PacBio, Menlo Park, CA, USA.
Genomic Medicine Center, Children's Mercy Kansas City, Kansas City, MO, USA; UMKC School of Medicine, University of Missouri Kansas City, Kansas City, MO, USA; Department of Pediatrics, Children's Mercy Kansas City, Kansas City, MO, USA.
Am J Hum Genet. 2023 Feb 2;110(2):240-250. doi: 10.1016/j.ajhg.2023.01.001. Epub 2023 Jan 19.
Spinal muscular atrophy, a leading cause of early infant death, is caused by bi-allelic mutations of SMN1. Sequence analysis of SMN1 is challenging due to high sequence similarity with its paralog SMN2. Both genes have variable copy numbers across populations. Furthermore, without pedigree information, it is currently not possible to identify silent carriers (2+0) with two copies of SMN1 on one chromosome and zero copies on the other. We developed Paraphase, an informatics method that identifies full-length SMN1 and SMN2 haplotypes, determines the gene copy numbers, and calls phased variants using long-read PacBio HiFi data. The SMN1 and SMN2 copy-number calls by Paraphase are highly concordant with orthogonal methods (99.2% for SMN1 and 100% for SMN2). We applied Paraphase to 438 samples across 5 ethnic populations to conduct a population-wide haplotype analysis of these highly homologous genes. We identified major SMN1 and SMN2 haplogroups and characterized their co-segregation through pedigree-based analyses.
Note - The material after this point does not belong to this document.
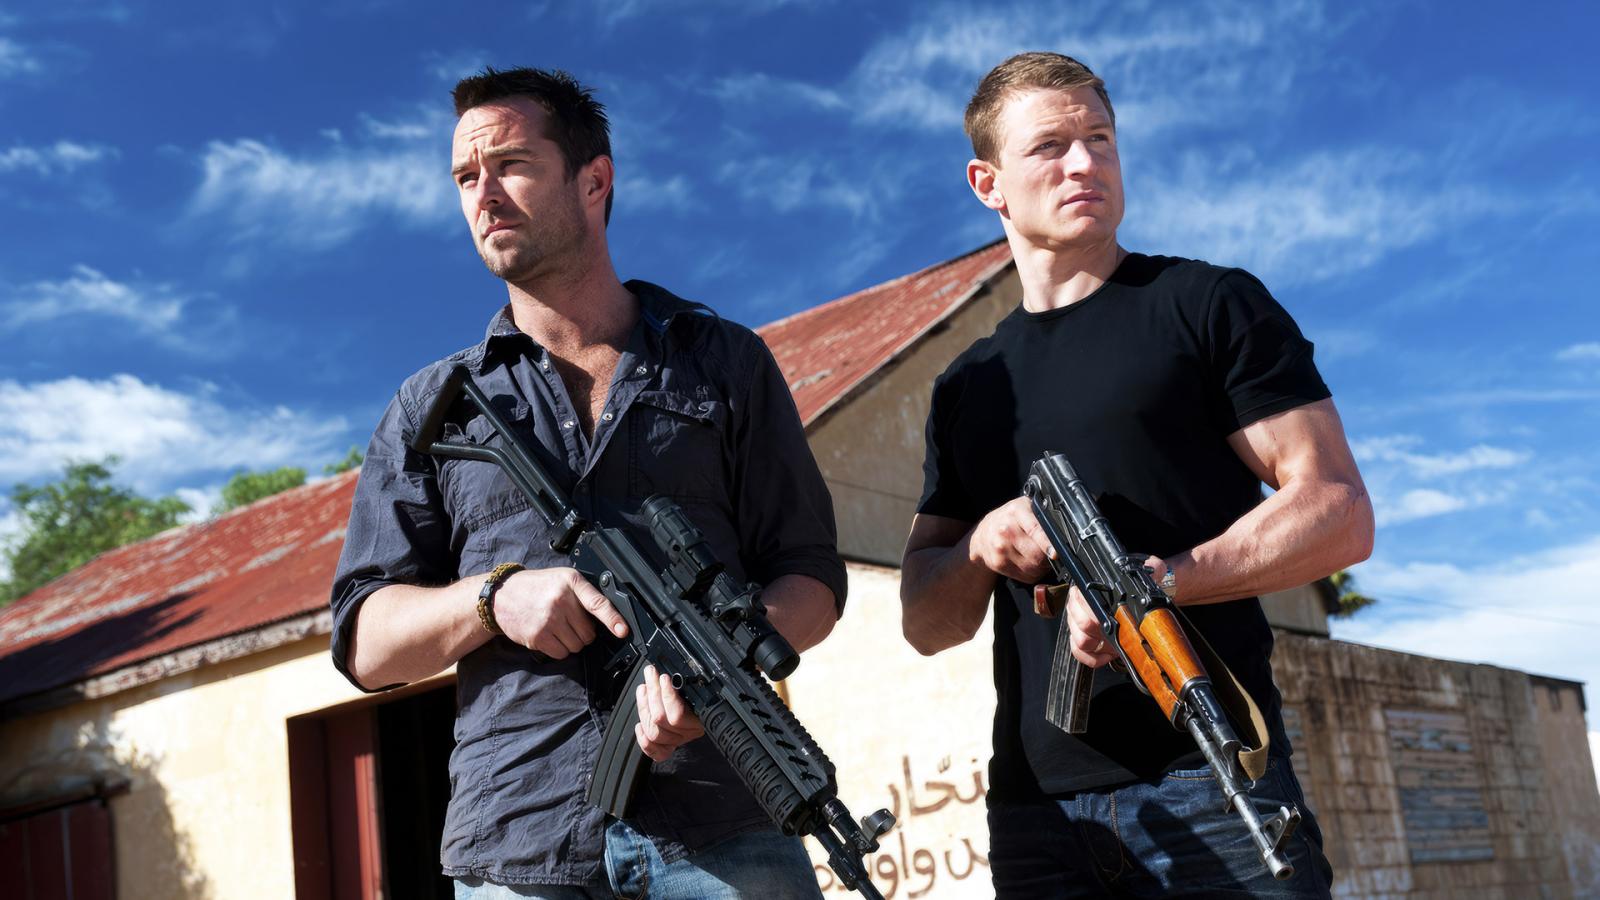 Edge-of-Your-Seat Excitement: 10 Action Series You Can't Miss - image 3

We identified two SMN1 haplotypes that form a common two-copy SMN1 allele in African populations. Testing positive for these two haplotypes in an individual with two copies of SMN1 gives a silent carrier risk of 88.5%, which is significantly higher than the currently used marker (1.7%-3.0%). Extending beyond simple copy-number testing, Paraphase can detect pathogenic variants and enable potential haplotype-based screening of silent carriers through statistical phasing of haplotypes into alleles. Future analysis of larger population data will allow identification of more diverse haplotypes and genetic markers for silent carriers.
脊髓性肌萎缩症是导致婴儿早期死亡的主要原因,由 SMN1 的双等位基因突变引起。由于 SMN1 与其同源基因 SMN2 具有高度的序列相似性,因此对 SMN1 进行序列分析具有挑战性。这两个基因在不同人群中的拷贝数存在差异。此外,在没有家系信息的情况下,目前无法识别染色体上一条携带两个 SMN1 拷贝(2+0)而另一条携带零个拷贝的沉默携带者。我们开发了 Paraphase 这一信息学方法,它可以识别全长 SMN1 和 SMN2 单倍型,确定基因拷贝数,并使用长读长 PacBio HiFi 数据对相位变体进行调用。Paraphase 对 SMN1 和 SMN2 的拷贝数调用与正交方法高度一致(SMN1 为 99.2%,SMN2 为 100%)。我们将 Paraphase 应用于 5 个人群的 438 个样本,对这些高度同源基因进行了全人群单倍型分析。我们确定了主要的 SMN1 和 SMN2 单倍型,并通过基于家系的分析对其共分离进行了特征描述。我们确定了两种在非洲人群中形成常见的两个拷贝 SMN1 等位基因的 SMN1 单倍型。在具有两个 SMN1 拷贝的个体中,这两种单倍型检测呈阳性,其沉默携带者的风险为 88.5%,显著高于目前使用的标记物(1.7%-3.0%)。除了简单的拷贝数检测外,Paraphase 还可以检测致病性变异,并通过单倍型的统计相位将潜在的单倍型筛查应用于沉默携带者。对更大人群数据的未来分析将允许识别更多不同的沉默携带者的单倍型和遗传标记。